Recorded and released in 1957 on the independent Prestige Records label, The Prestige Jazz Quartet is a typical oddity. The four compositions work as a pendulum between the tail end of bebop era, the coming hard-bop medium, and the beginning of the avant-garde period of 1950s-1960s Black Classical music.
Probably put together by Bob Weinstock or Teddy Charles, the groups short-lived output was apparently supposed to fill the void left by The Modern Jazz Quartet, who had just signed a hefty deal with the major Atlantic Records label. Though they only recorded two lps under this name (the other with tenor saxophonist/ future Columbia Records producer Teo Marceo), the members of this group all played together on a regular basis. The quartet featured composer/ arranger Teddy Charles on vibes, drummer Jerry Segal, bassist Addison Farmer, and some underrated composer/ arranger/ piano genius by the name of Malcolm Waldron.
While Prestige is known for their “jam session” lps from the late 50s, it is hard to tell if this was just another one of them, or a methodically planned record. With Charles acting as producer/ supervisor, he contributes one tune, leaving two other original tunes to Waldron. Teddy’s “Take Three Parts Jazz” is absolutely one of greatest suits recoded during this era. It starts with a slow bass/ cymbal pacing that encourages the listener to stroll down a dark alley in fear for his or her life. It quickly picks up the pace as Charles and Waldron enter the tune and turn it into a funky crime scene. What astounds the most about this piece, from a Hip-Hop perspective, is that the tune hasn’t been sampled (to my knowledge). One could imagine any member of the D.I.T.C. getting loose over the grooves provided by Addison’s bass and Segal swift cymbal socking. As the tune slows down, then picks back up, flashbacks of John Lewis and his composing / arranging of so many tunes for The MJQ come to mind. This might give a hint that maybe, as textured and sensitive as the opener is, this was just a cerebral strategy to win over forward thinking listeners of the recently departed quartet. 61 years later… it has worked.
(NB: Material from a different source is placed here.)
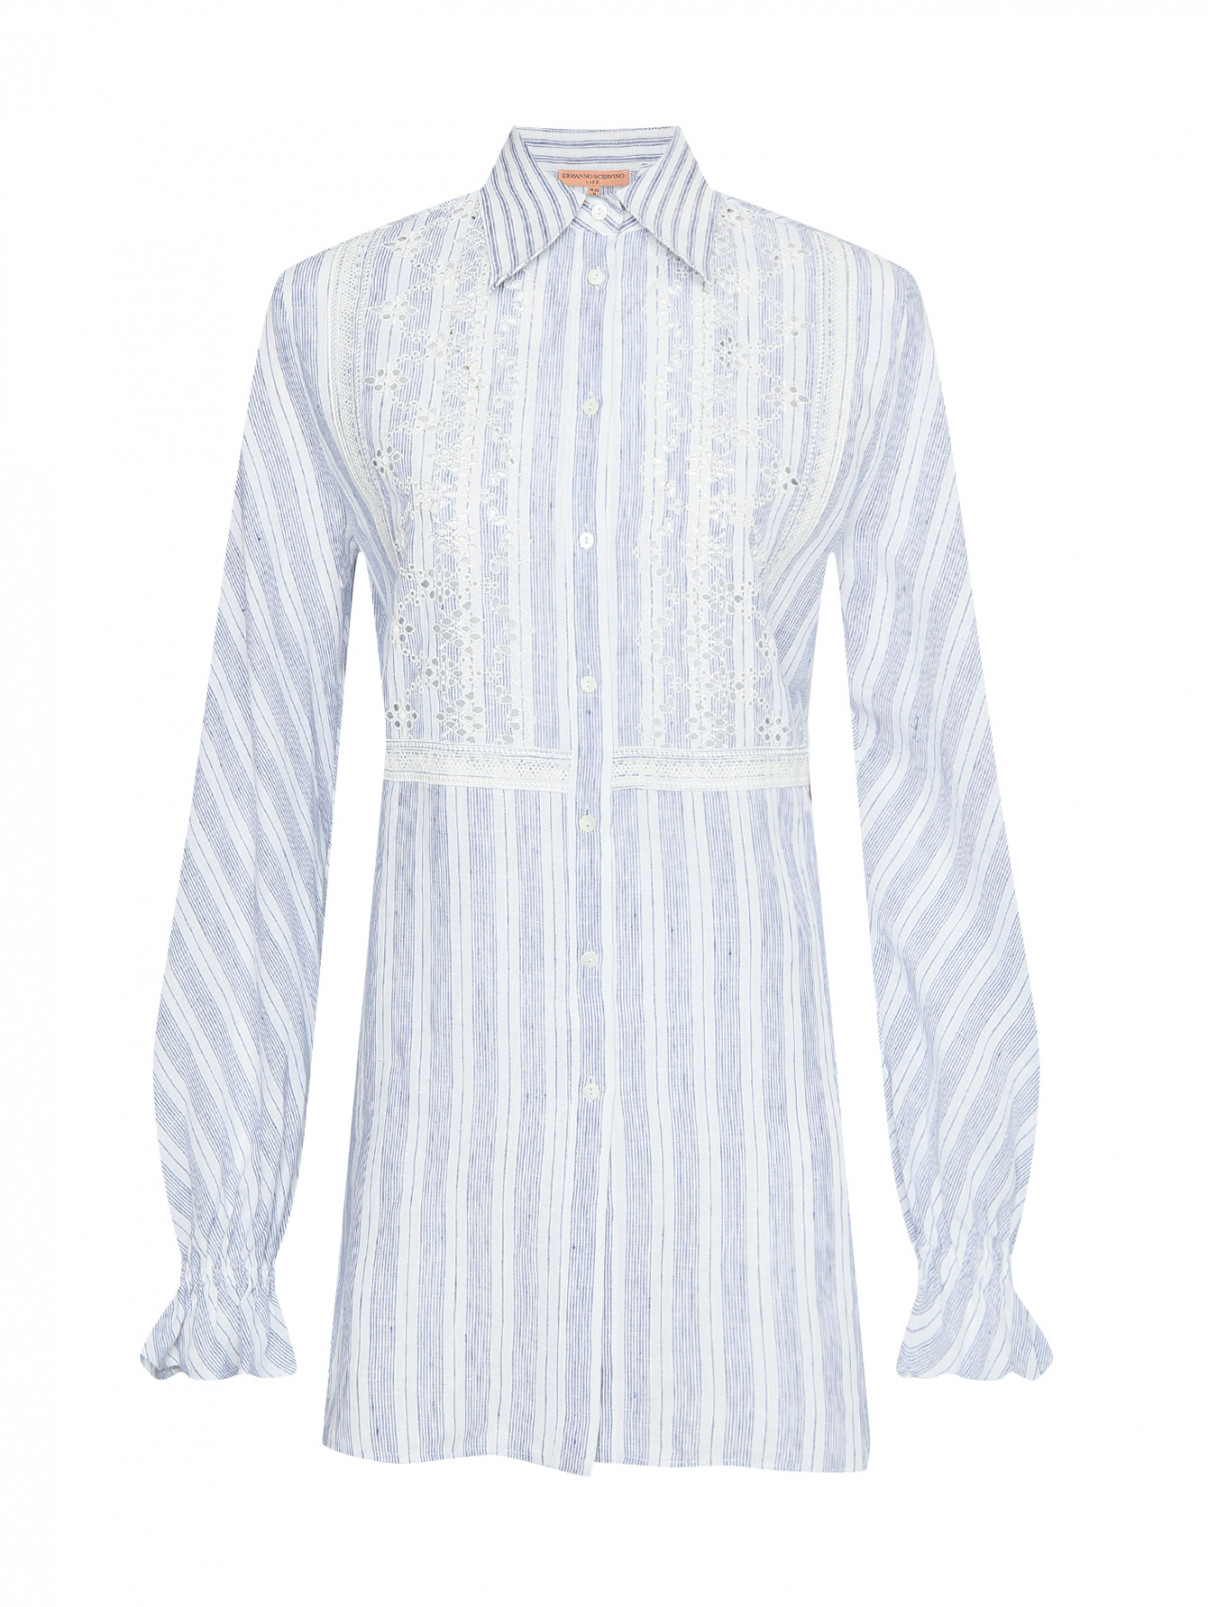 Блуза из льна в полоску Ermanno Scervino  –  Общий вид  – Цвет:  Белый

The master pianist pens the next two compositions. Mal Waldron is not a household name, yet listeners within academic Jazz circles are probably familiar with a least a few of his records. The first of his contributions is “Meta-Waltz”. Though as eerie as sections of the albums opener, it leaves more space for Jerry and Addison to stretch out. Though both had very short careers, the rhythm section proves to be super tight within such complex structures. The second of Waldron’s pieces is entitled “Dear Elaine”, after his first wife (who sang on his 1958 Prestige masterpiece Mal/3: Sounds). The only ballad on the record, it sways gently throughout it’s almost 9 minute duration, giving glimpses of tender moments that our maestro pulls from his loving experiences flawlessly.
The album’s closer should be a familiar one to most Jazz heads. “Friday The Thirteenth” is a tune written by Thelonious Sphere Monk. In contrast to the rest of the lp, Charles’s use of the vibes give the tune a special lightheartedness as it’s tempo is a bit swifter than usual. The liner notes mention that Monk is a favorite of the group’s two composers, which should not be a surprise at all. After many listens over the years The Prestige Jazz Quartet lp satisfies my ears and soul, yet raises a few questions about it’s members. Mainly, how could Charles and Waldron by in house musicians at one of the music’s most known labels and not get mentioned much these days? Did Jerry (Gerald?) Segal really quit music to go into law? How did Art Farmer’s twin brother pass away so young? We might not ever get answers to these questions, so maybe we should just be thankful that The Modern Jazz Quartet left Prestige and signed with Atlantic.